--- START ---

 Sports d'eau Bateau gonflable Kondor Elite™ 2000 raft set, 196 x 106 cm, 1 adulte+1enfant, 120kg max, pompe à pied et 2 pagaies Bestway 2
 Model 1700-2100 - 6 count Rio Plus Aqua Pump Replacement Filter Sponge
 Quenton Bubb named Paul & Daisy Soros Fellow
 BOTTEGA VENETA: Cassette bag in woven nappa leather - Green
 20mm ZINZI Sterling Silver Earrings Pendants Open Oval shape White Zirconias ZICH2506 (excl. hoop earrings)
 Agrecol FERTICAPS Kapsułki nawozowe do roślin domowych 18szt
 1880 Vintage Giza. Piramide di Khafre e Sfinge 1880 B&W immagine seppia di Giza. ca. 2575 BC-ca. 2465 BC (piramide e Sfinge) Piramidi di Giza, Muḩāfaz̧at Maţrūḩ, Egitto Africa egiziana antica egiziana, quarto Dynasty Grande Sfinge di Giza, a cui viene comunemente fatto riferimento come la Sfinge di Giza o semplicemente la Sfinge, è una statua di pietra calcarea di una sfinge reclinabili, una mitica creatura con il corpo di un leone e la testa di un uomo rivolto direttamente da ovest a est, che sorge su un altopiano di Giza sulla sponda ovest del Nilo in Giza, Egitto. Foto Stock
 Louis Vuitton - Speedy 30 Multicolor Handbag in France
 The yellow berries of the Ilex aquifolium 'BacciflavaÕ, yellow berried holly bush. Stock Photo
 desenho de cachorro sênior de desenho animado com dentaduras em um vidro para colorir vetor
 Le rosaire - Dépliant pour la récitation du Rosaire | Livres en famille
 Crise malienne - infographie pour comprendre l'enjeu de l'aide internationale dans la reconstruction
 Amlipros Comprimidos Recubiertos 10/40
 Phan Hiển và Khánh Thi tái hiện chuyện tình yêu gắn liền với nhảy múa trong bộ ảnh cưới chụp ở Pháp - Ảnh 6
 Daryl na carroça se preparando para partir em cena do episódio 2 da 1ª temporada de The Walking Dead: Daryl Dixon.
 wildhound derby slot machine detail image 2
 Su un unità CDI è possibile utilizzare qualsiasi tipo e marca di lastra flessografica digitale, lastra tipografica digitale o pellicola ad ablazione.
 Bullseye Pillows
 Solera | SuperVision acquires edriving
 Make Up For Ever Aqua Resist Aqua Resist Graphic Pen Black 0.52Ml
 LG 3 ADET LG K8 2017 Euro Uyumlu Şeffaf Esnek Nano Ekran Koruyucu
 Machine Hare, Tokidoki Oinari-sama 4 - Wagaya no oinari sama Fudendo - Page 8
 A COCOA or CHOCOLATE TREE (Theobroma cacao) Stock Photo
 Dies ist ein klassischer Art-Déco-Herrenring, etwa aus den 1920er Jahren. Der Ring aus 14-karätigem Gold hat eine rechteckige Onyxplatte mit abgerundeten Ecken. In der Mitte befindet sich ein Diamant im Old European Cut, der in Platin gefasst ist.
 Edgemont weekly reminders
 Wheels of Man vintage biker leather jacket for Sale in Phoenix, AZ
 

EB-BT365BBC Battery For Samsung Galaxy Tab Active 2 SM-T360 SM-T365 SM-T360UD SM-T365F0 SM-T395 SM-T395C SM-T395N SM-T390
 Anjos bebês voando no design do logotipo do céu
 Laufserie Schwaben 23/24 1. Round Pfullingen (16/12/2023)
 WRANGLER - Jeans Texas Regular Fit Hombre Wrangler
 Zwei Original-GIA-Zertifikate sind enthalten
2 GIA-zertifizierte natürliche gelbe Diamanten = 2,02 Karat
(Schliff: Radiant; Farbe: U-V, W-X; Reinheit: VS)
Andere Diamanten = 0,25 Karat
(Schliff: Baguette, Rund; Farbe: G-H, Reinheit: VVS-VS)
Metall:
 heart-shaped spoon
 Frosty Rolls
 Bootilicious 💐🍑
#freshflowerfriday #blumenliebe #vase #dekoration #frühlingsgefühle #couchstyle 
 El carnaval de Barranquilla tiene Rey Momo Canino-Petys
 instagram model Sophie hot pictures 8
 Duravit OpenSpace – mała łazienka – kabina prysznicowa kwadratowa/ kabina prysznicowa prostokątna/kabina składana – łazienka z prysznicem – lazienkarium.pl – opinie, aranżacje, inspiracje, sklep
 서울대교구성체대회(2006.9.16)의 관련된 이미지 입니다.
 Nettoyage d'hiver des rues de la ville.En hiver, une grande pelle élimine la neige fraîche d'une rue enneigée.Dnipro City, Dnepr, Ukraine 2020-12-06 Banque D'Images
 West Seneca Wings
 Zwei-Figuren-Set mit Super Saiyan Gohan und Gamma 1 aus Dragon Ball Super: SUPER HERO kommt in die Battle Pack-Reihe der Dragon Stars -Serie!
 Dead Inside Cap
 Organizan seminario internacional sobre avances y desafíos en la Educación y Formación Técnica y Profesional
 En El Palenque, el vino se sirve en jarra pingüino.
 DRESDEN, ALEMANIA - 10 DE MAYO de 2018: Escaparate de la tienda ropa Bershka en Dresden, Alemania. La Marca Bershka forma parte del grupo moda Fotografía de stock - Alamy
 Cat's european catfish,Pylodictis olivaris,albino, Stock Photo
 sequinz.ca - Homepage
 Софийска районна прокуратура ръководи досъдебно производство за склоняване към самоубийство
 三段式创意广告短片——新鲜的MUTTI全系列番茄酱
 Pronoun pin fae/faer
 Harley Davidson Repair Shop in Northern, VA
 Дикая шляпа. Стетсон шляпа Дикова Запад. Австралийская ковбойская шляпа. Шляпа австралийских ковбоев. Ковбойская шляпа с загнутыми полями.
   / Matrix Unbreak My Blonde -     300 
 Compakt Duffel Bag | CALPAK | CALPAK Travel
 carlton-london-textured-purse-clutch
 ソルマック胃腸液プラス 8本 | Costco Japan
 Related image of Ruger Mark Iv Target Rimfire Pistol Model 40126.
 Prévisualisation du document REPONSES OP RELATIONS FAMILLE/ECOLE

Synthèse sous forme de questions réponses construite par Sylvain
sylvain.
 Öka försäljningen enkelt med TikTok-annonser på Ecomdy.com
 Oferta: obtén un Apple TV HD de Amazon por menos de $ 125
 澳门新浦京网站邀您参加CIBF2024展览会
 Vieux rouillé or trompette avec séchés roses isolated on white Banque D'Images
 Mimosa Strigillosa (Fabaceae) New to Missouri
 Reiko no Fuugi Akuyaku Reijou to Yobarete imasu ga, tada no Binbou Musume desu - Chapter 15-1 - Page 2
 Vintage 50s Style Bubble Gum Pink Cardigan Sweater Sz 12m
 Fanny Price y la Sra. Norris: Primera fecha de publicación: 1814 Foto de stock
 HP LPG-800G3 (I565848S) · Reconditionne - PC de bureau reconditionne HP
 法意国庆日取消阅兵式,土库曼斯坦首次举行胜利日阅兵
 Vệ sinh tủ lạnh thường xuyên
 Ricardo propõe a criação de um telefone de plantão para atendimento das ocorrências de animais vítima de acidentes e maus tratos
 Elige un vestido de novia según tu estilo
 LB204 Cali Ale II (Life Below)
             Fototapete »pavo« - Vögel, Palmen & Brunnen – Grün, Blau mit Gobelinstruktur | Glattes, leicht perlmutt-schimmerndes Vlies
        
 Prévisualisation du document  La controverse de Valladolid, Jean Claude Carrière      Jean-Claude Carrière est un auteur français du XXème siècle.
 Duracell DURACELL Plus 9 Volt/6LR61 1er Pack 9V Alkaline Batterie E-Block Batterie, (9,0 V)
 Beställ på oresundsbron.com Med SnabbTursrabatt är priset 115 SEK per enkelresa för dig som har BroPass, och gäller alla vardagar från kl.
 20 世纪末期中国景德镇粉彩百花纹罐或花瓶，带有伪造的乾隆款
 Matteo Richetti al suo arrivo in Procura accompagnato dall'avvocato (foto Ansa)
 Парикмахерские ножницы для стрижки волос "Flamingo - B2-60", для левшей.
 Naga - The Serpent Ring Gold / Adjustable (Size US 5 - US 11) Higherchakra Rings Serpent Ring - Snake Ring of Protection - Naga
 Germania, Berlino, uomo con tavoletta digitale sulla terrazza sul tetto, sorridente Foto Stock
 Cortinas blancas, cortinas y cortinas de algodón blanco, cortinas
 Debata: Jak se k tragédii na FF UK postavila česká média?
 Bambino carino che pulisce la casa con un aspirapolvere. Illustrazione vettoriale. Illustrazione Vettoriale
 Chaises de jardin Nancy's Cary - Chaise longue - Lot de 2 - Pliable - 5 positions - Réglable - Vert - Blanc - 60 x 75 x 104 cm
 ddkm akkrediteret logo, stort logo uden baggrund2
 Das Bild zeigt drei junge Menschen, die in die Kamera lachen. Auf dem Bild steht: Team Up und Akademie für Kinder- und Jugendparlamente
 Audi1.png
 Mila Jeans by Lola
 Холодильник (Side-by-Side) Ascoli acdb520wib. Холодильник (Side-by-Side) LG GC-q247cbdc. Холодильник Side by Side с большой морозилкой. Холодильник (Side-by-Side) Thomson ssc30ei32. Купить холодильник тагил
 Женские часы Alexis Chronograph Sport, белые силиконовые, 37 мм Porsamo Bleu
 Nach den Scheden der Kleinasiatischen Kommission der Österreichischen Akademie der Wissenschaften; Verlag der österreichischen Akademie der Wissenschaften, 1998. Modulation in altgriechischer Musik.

--- END ---

WORK INSTRUCTION
Your answer should consist only of the lines above between the line holding "Vieux rouillé or" and the line holding "Reiko no Fuugi", inclusive, each transcribed exactly.

EXERCISE ANSWER
 Vieux rouillé or trompette avec séchés roses isolated on white Banque D'Images
 Mimosa Strigillosa (Fabaceae) New to Missouri
 Reiko no Fuugi Akuyaku Reijou to Yobarete imasu ga, tada no Binbou Musume desu - Chapter 15-1 - Page 2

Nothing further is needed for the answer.